* [TASK GOAL] Below is a listing to copy exactly; no image goes into the copy.

* [RECORDED DATA]
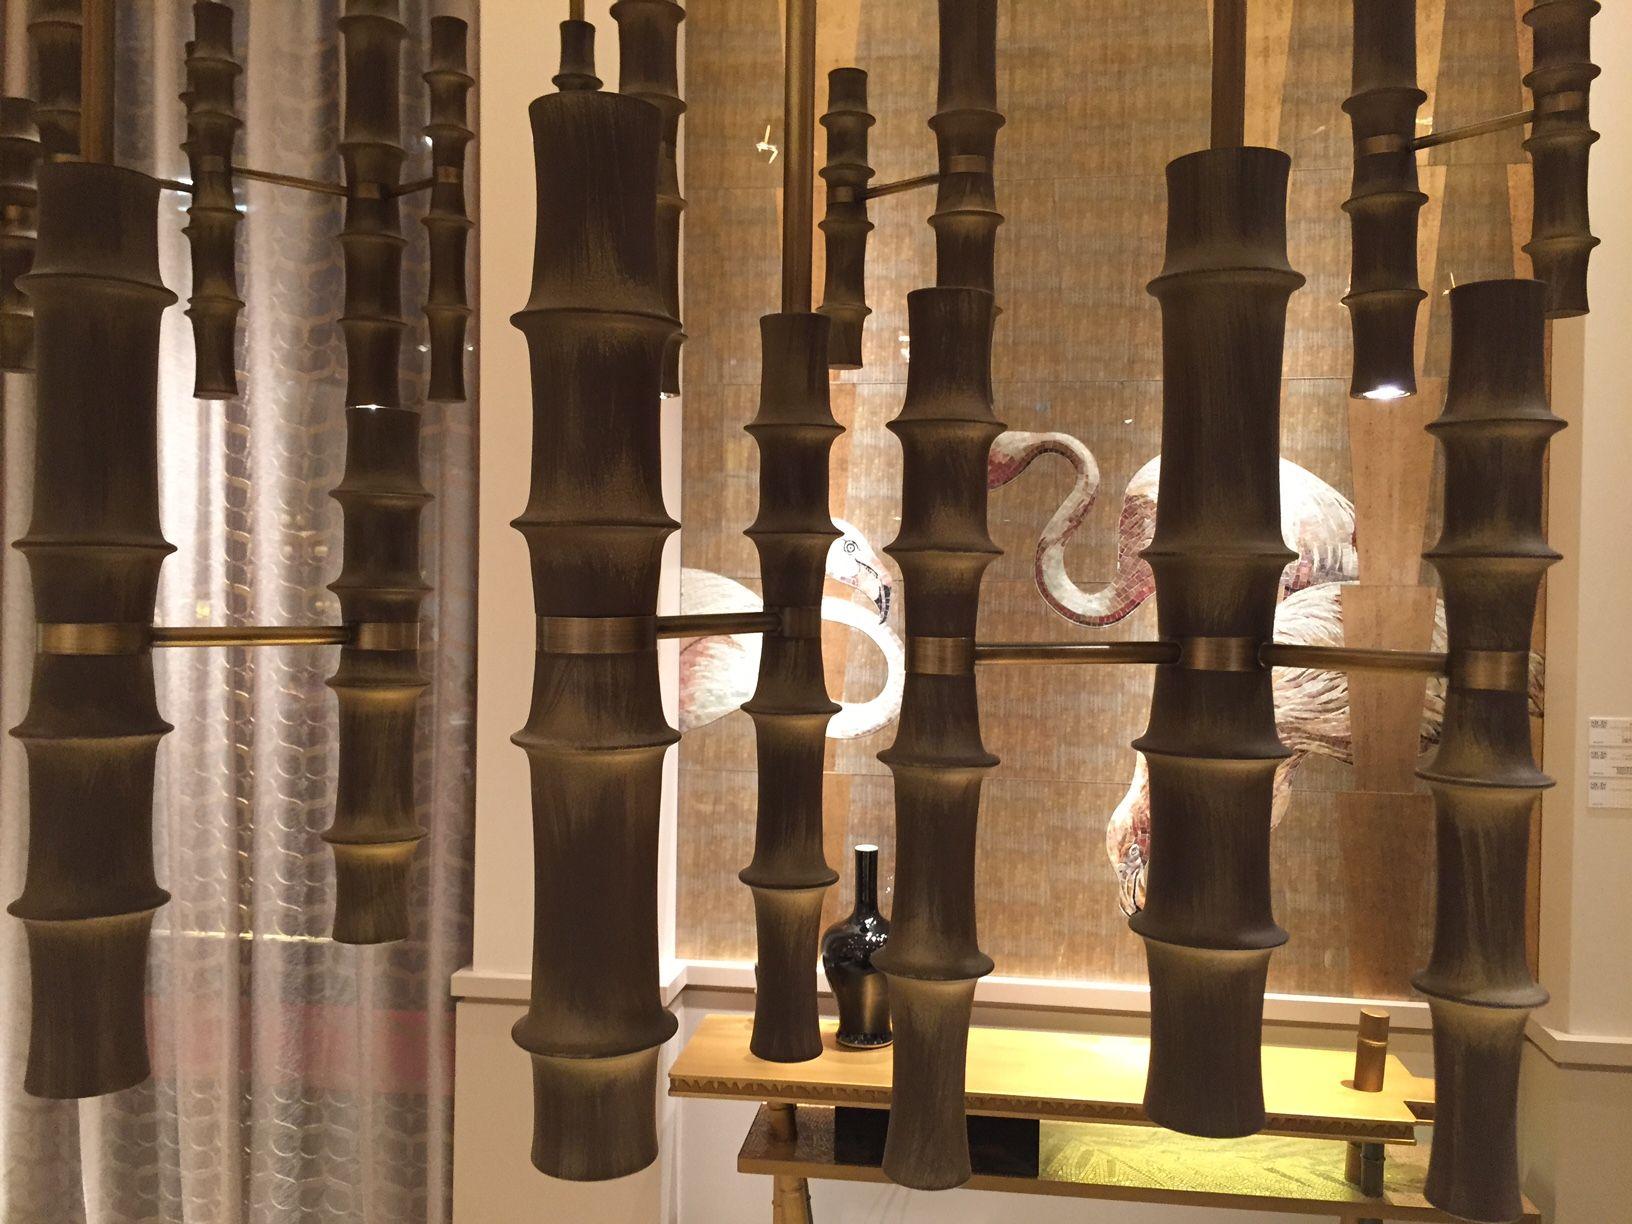 Siam chandelier for SICIS next art - designed by Massimiliano Raggi ...
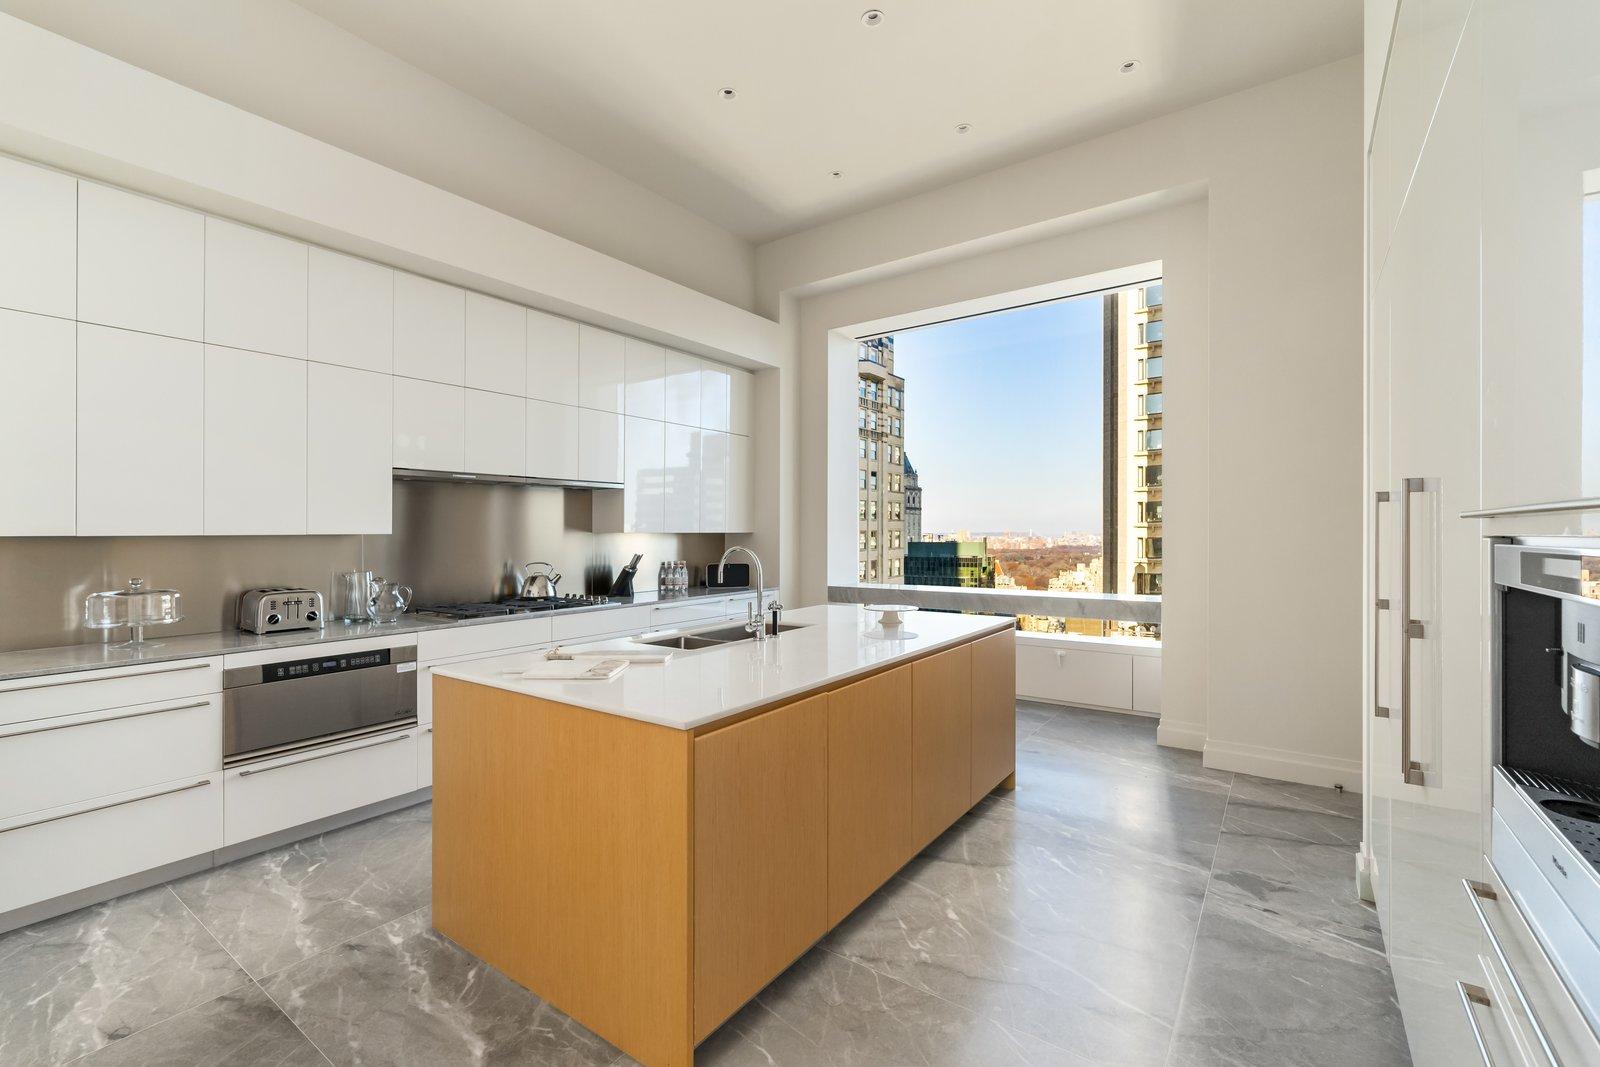 J.Lo and A-Rod's 432 Park Avenue apartment kitchen
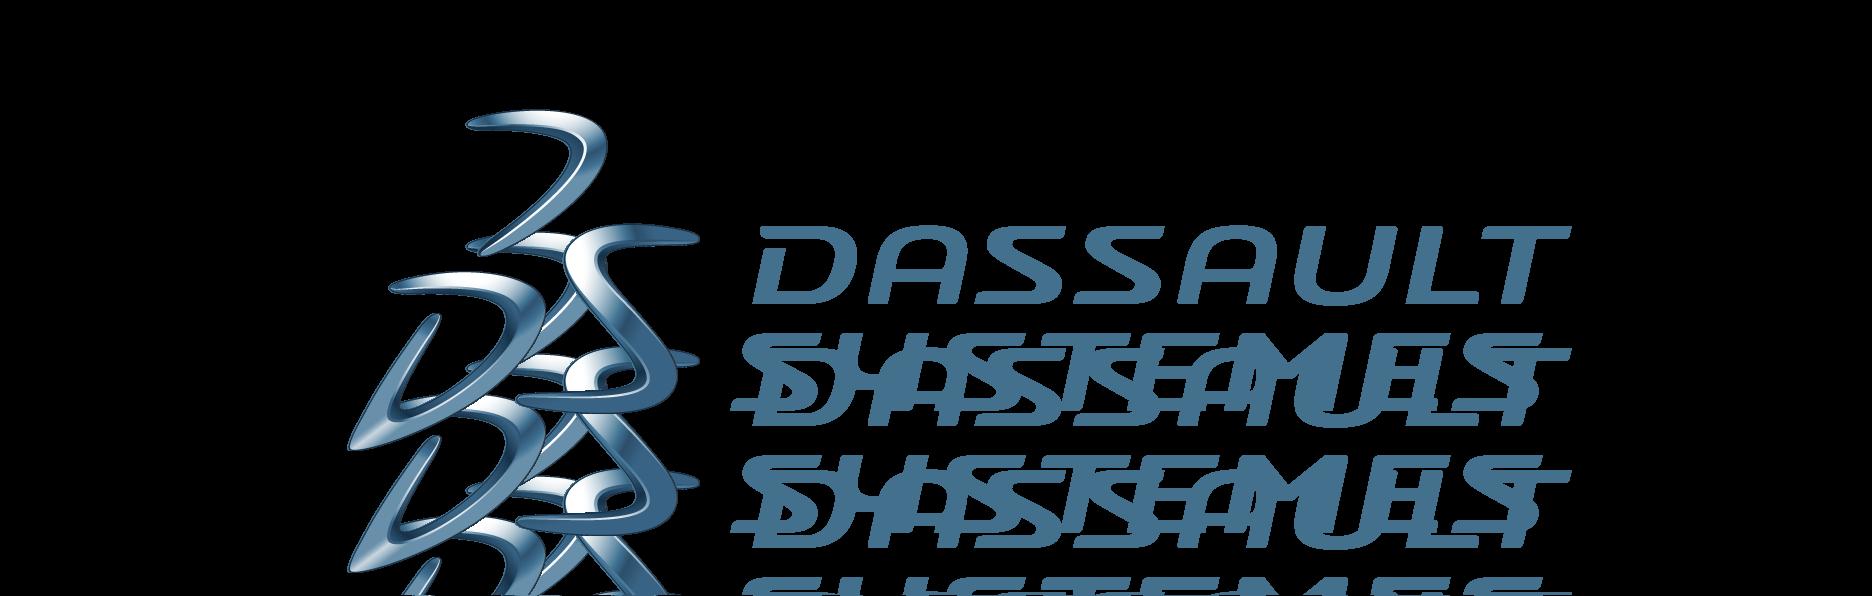 Dassault Systemes Catia logo
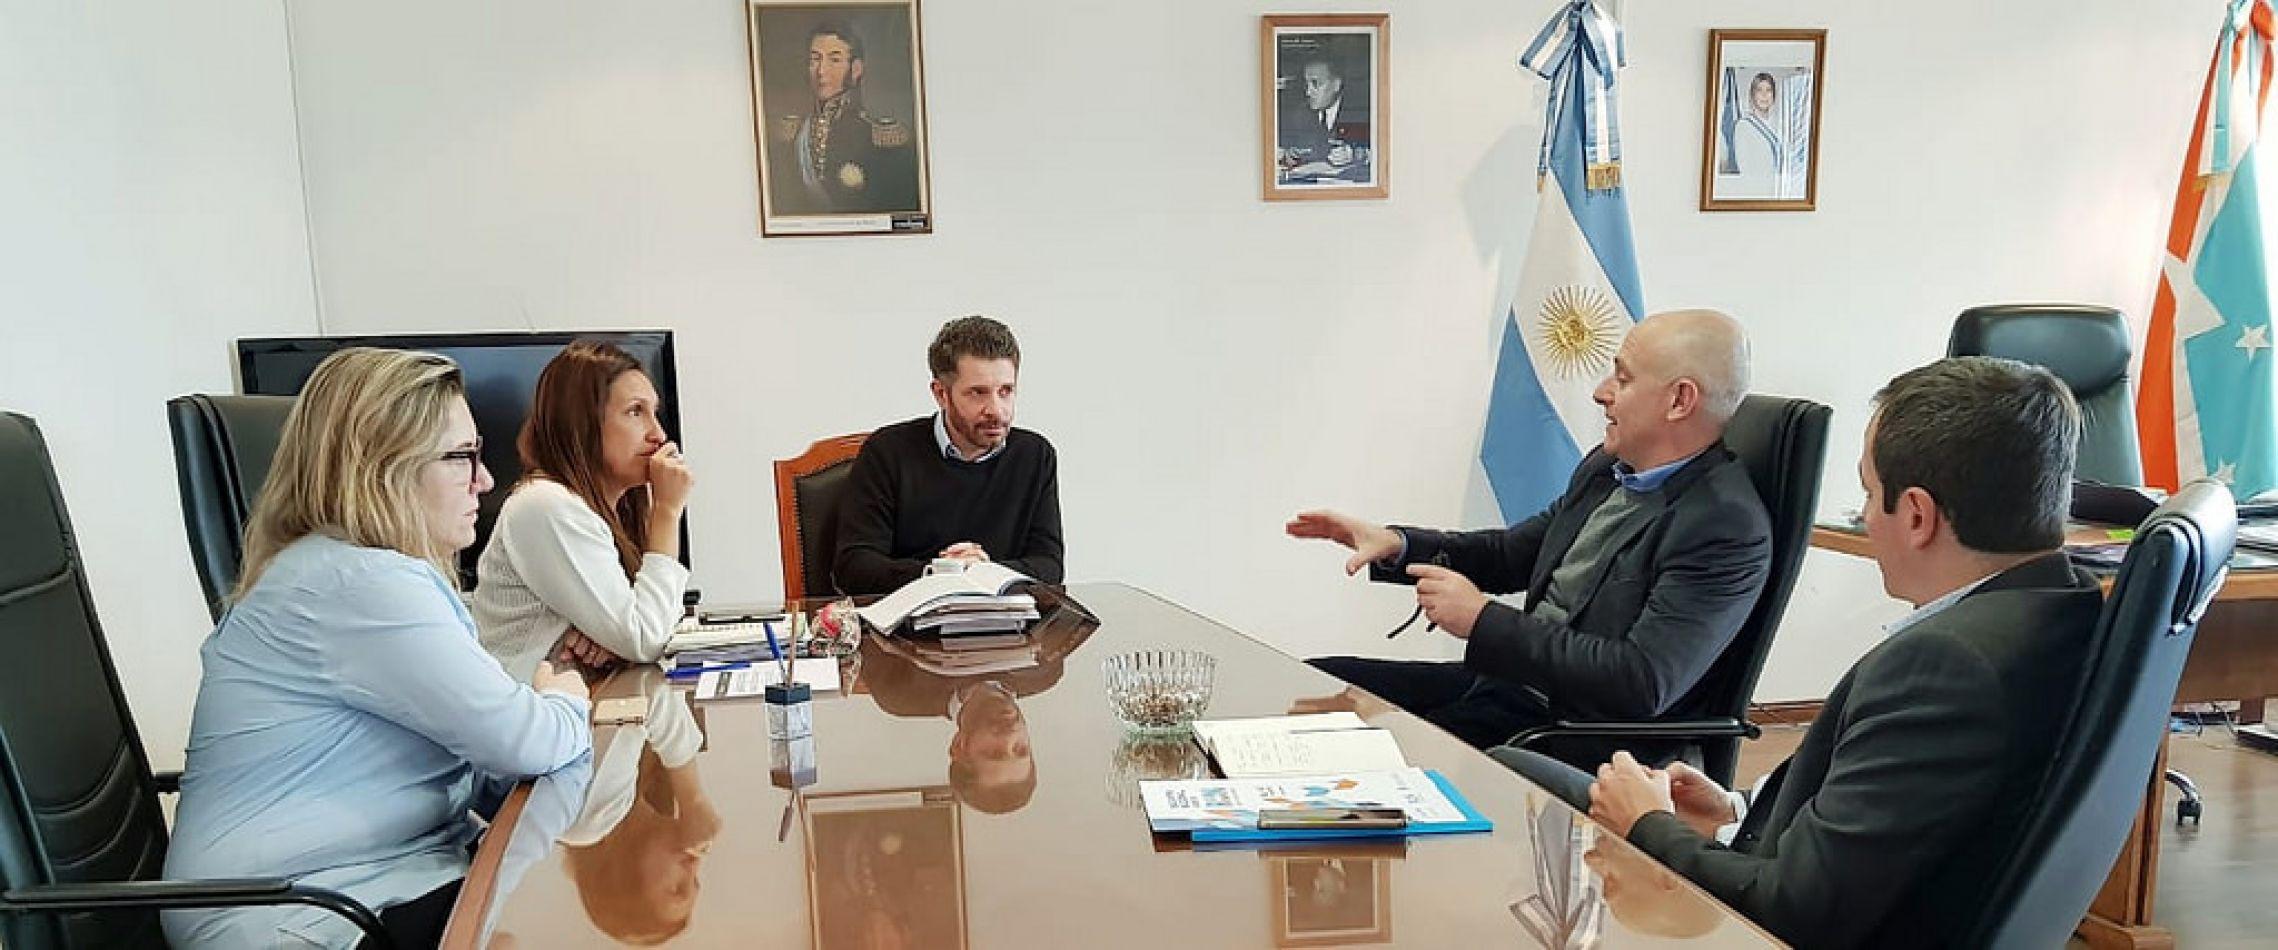 Leonardo Gorbacz en reunión con Paula Gargiulo, Maricel Barone,Sebastián Waisgrais  y, Hernán Monath

* [TASK ANSWER]
 Siam chandelier for SICIS next art - designed by Massimiliano Raggi ...
 J.Lo and A-Rod's 432 Park Avenue apartment kitchen
 Dassault Systemes Catia logo
 Leonardo Gorbacz en reunión con Paula Gargiulo, Maricel Barone,Sebastián Waisgrais  y, Hernán Monath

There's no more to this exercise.